- **Given data**:
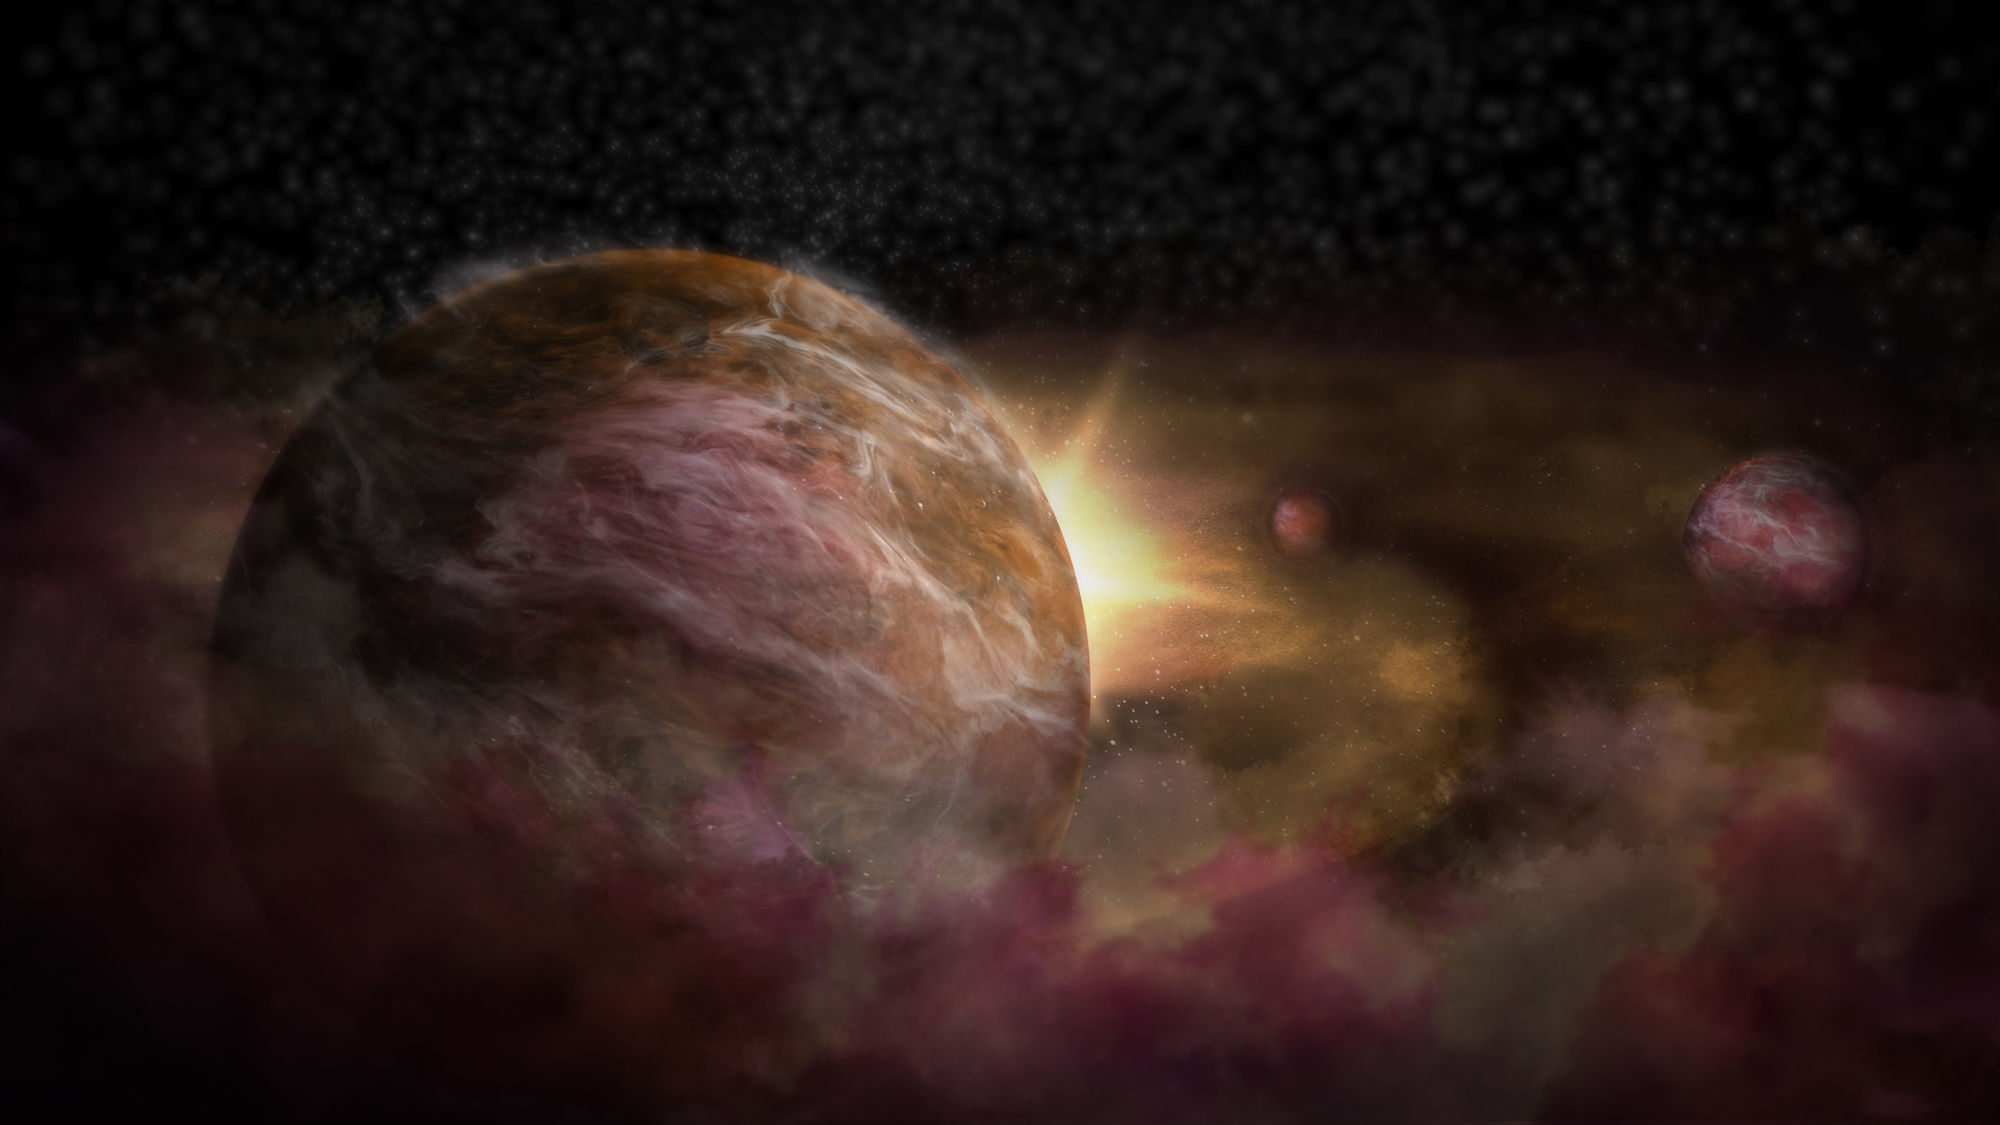 Artist concept of three still-forming planets orbiting the young star HD 163296.  Credit: NRAO/AUI/NSF; S. Dagnello
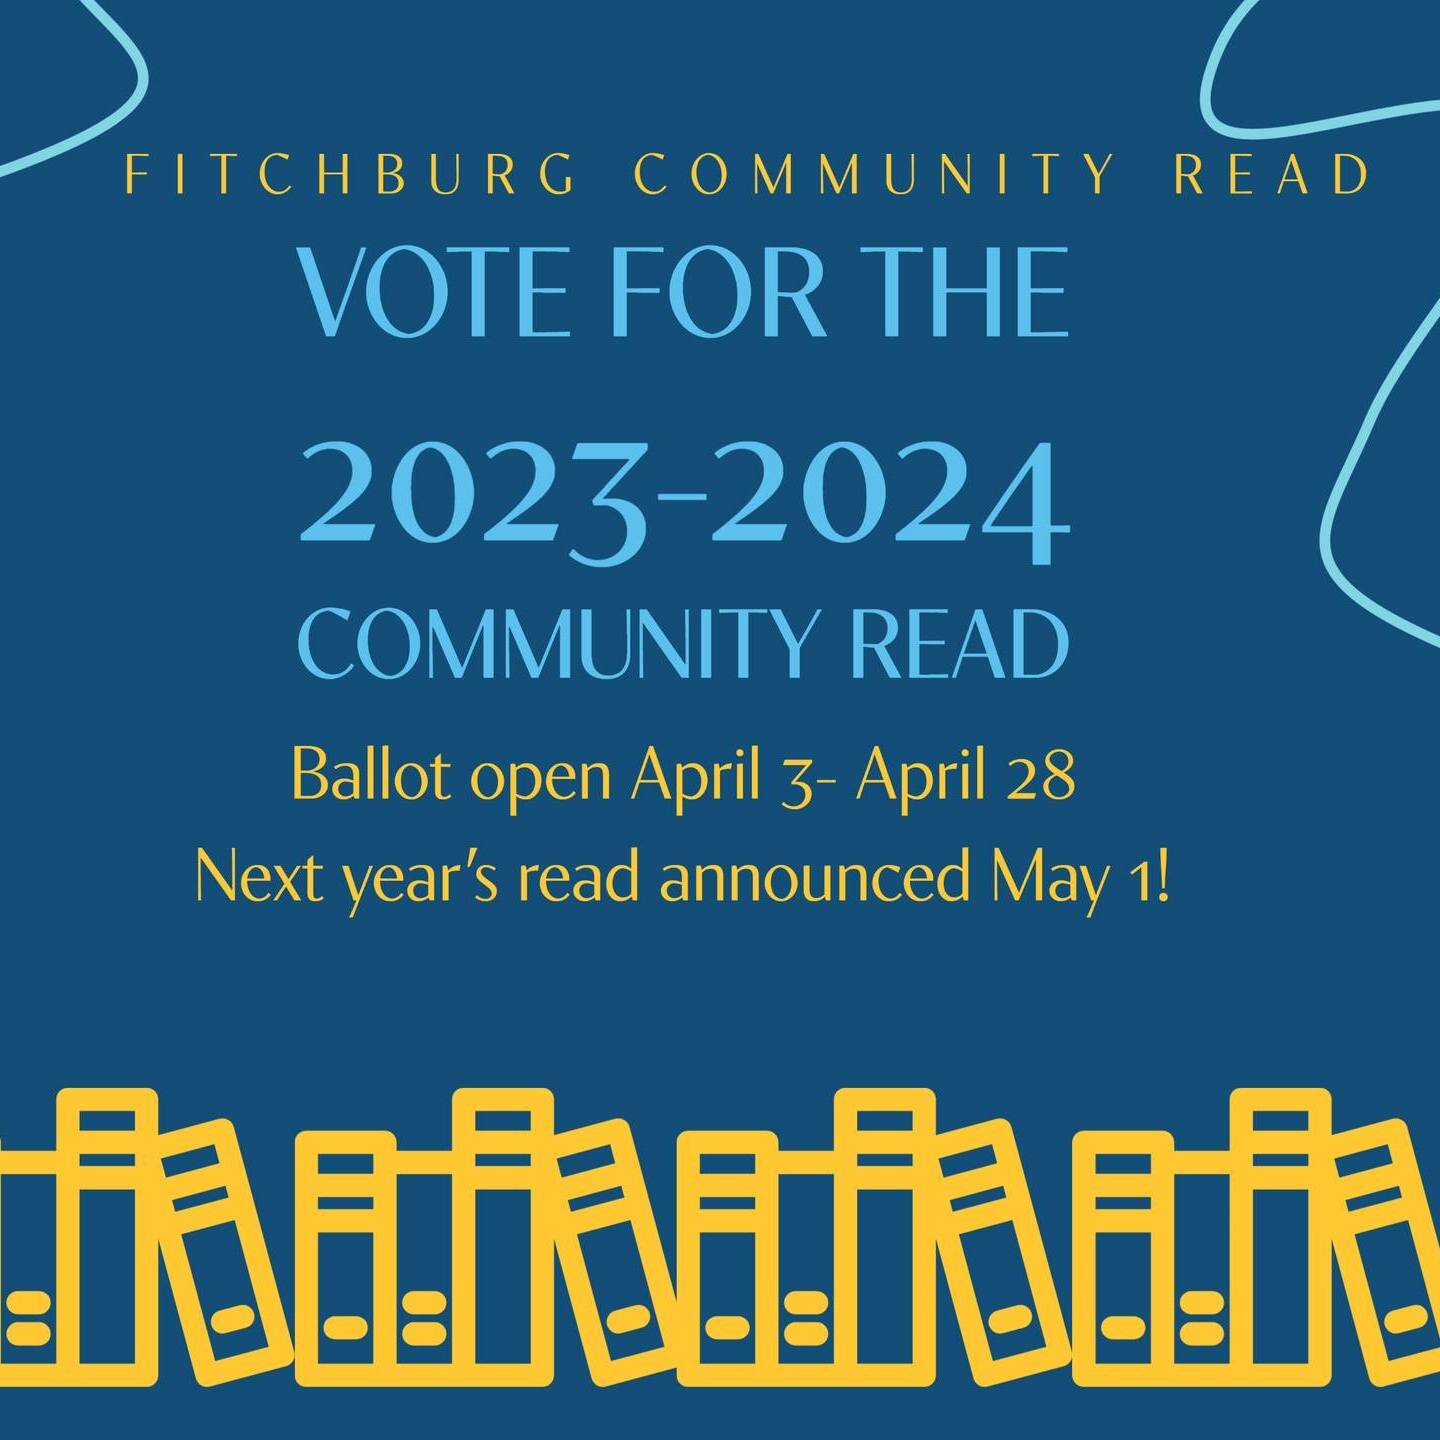 VOTE FOR NEXT YEAR'S COMMUNITY READ! 

We have officially opened voting for next year's Community Read book, and we invite all of you to take part in that process. Voting will be open April 3-April 28. Next year's read will be announced on our social

- **Assignment**: Starting at the top of the listing above, reproduce each line up to and including the one with "VOTE FOR NEXT YEAR'S COMMUNITY READ!"; omit the pictures.

- **Response to the task**:
 Artist concept of three still-forming planets orbiting the young star HD 163296.  Credit: NRAO/AUI/NSF; S. Dagnello
 VOTE FOR NEXT YEAR'S COMMUNITY READ! 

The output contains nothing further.